04 Ostdeutsches Tiefland:

Das Herkunftsgebiet 04 weist ein subkontinentales Tieflandklima mit erhöhter Spätfrostgefahr auf. Die Stieleiche stockt vornehmlich auf Grundmoränen und Talsanden. Sie ist neben der Traubeneiche im Herkunftsgebiet 04 von Natur aus die wichtigste Laubbaumart.

05 Mitteldeutsches Tief- und Hügelland:

Das Herkunftsgebiet 05 weist aufgrund der Lage im Regenschatten der Mittelgebirge ein subkontinentales Tieflandklima auf. Vorherrschend sind lößüberlagerte Standorte. Die Stieleiche kommt hier außer in Flußauen auch auf tonigen und trockenen Standorten vor. Sie ist neben der Traubeneiche im Herkunftsgebiet 05 die wichtigste Laubbaumart.

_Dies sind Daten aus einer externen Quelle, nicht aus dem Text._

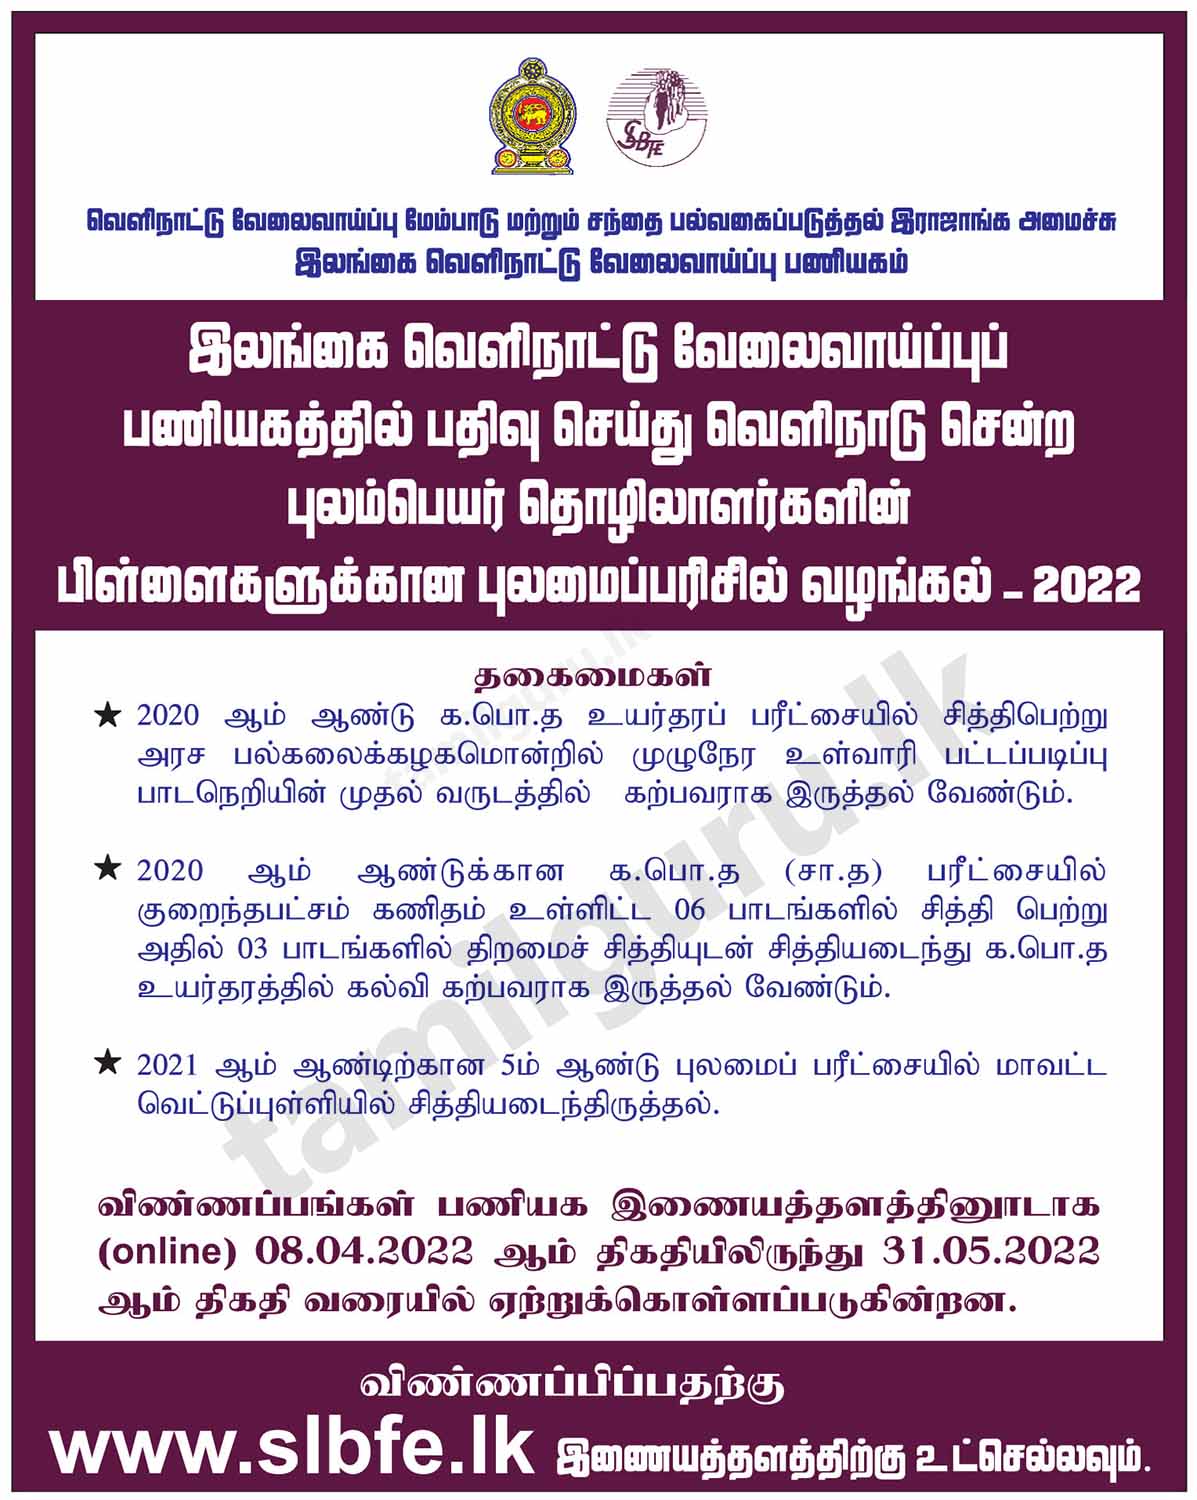 இலங்கை வெளி நாட்டு வேலைவாய்ப்புப் பணியகத்தில் பதிவு செய்து வெளிநாடு சென்ற புலம்பெயர் தொழிலாளர்களின் பிள்ளைகளுக்கான புலமைப்பரிசில் வழங்கல் - 2022 Scholarships for Migrant Workers' Children (2022) - Sri Lanka Bureau of Foreign Employment (SLBFE)

06 Westdeutsches Bergland:

Das Herkunftsgebiet 06 ist durch ein ozeanisch bis subozeanisches Berglandklima geprägt, wobei mit der Höhe die Fröste zunehmen. Die Standorte sind kleinräumiger gegliedert als im Tiefland.

07 Oberrheingraben:

Das Herkunftsgebiet 07 liegt überwiegend in der planaren Stufe und zeichnet sich durch eine besondere Wärmebegünstigung aus. Es wurde auch aufgrund der großen Bedeutung der Stieleiche im Auewald abgegrenzt.

08 Südostdeutsches Hügel- und Bergland:

Das Herkunftsgebiet 08 weist ein subkontinentales Berglandklima mit strengen Wintern auf.

09 Süddeutsches Hügel- und Bergland sowie Alpen:

Das Herkunftsgebiet 09 stellt topographisch bedingt ein Gebiet mit stark differenziertem subozeanisch bis subkontinentalem Klima dar. Die Standorte sind relativ kleinräumig gegliedert. Aufgrund der geringen Bedeutung der Stieleiche in den Alpen wurden diese nicht als gesondertes Herkunftsgebiet ausgewiesen.